Finding the true holy grail of biological barometers

New science conducted at 27 research sites around the world, including one of TERN’s, has challenged the long-held belief that leaf traits are the best way to predict how plants respond to environmental change. Join the researchers in their quest for the true holy grail of environmental predictors.

“For decades scientists have searched for a set of simple, easily measured traits that could be used to predict how plants respond to environmental change at any site around the world,” says Associate Professor Jennifer Firn of the Queensland University of Technology.

“These traits have been referred to as the ‘holy grail’, because they could serve as a standardised instrument, a biological barometer, to predict the effects of global change on the earth’s ecosystems.”
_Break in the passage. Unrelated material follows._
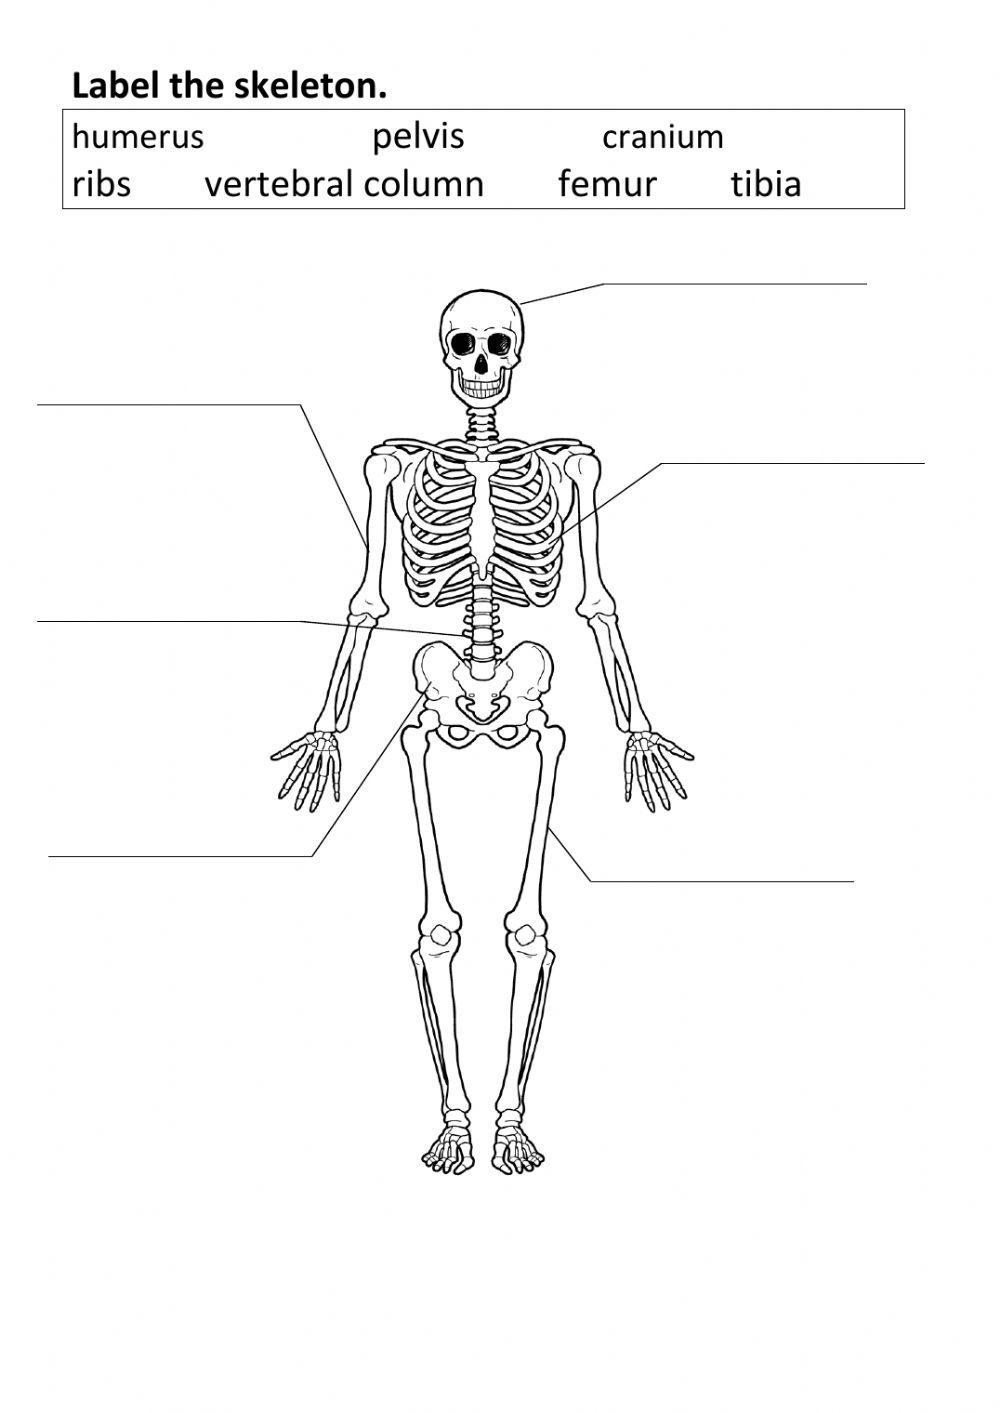 Label the bones

However, a unique global experiment using the infrastructure at 27 research sites across four continents, including at TERN’s Great Western Woodlands SuperSite in Western Australia, has challenged this theory by concluding that one of the most commonly used leaf traits is not an appropriate indicator of plant response to anthropogenic changes in grasslands ecosystems.

The Mt Caroline NutNet site at TERN’s Great Western Woodlands SuperSite, in Western Australia showing the control unfenced area and a fenced area where increased nutrient loading (nitrogen, phosphorus and potassium) has been applied (image courtesy of Suzanne Prober)

Challenging the common currency of plant traits

In the study, Jennifer and her colleagues measured how key leaf traits respond to two of the most prevalent global changes, increased nutrient loading (nitrogen, phosphorus and potassium) and altered grazing rates.

“We found that specific leaf area—a morphological trait commonly used to indicate shifts in plant growth strategy—did not respond to up to four years of soil nutrient additions,” says Jennifer.

“And, we found few significant changes in leaf traits when vertebrate herbivores were excluded in the short-term, which is contrary to expectations from plant-defence theory.”

“Our results show that changes in leaf morphological traits—in the same species or because of species turnover—do not necessarily represent a ‘common currency’ for comparing ecosystem-level responses in grasslands to anthropogenic perturbations.”

Scanned images that illustrate the diversity of leaves sampled in the study across the 27 grassland sites located in Australia, Canada, United Kingdom, United States and Switzerland (graphic courtesy of Evidently So, © 2018-19)

The importance of ecosystem science in finding a new holy grail

So, if leaf morphological plant traits like specific leaf area aren’t the holy grail of biological barometers, what are? Unfortunately, it’s not that simple and there may not actually be one ultimate barometer, says Jennifer’s fellow researcher Dr Suzanne Prober of CSIRO.

“Leaf nutrient concentrations are useful as barometers of short-term nutrient enrichment, but specific leaf area appeared not to be. Specific leaf area still has its uses, for example as a measure to distinguish plant defence-competition tradeoffs, but it seems that a complete species replacement may be needed over the longer term for it to be used to detect response to fertilisation,” says Suzanne.

The research data collection from 27 global grassland sites, which form part of a globally replicated experiment (the Nutrient Network) being conducted at over 100 sites around the world, has indicated that the characteristics of an ecosystem, rather than traits at the individual-scale, are of greater importance.

“When it comes to dominant plant species, leaf nutrients are responsive to soil nutrient levels, even across sites characterised by very different climatic and soil conditions, and are potentially more consistent plant functional indicators than specific leaf area, particularly in the short term,” says Suzanne.

“Before trait-based ecological studies can scale the responses of leaf traits from individuals to communities and ecosystems, a more definitive understanding of when, where and how to interpret changes in plant trait values is needed. This includes how to match plant traits to appropriate environmental conditions depending on the characteristics of specific ecosystems.”

Such sentiments echo one of TERN’s founding philosophies, that science at the ecosystem scale, across disciplines and including both natural and managed landscapes, is the best way to understand and secure our ecosystems and their services in the face of current and future challenges.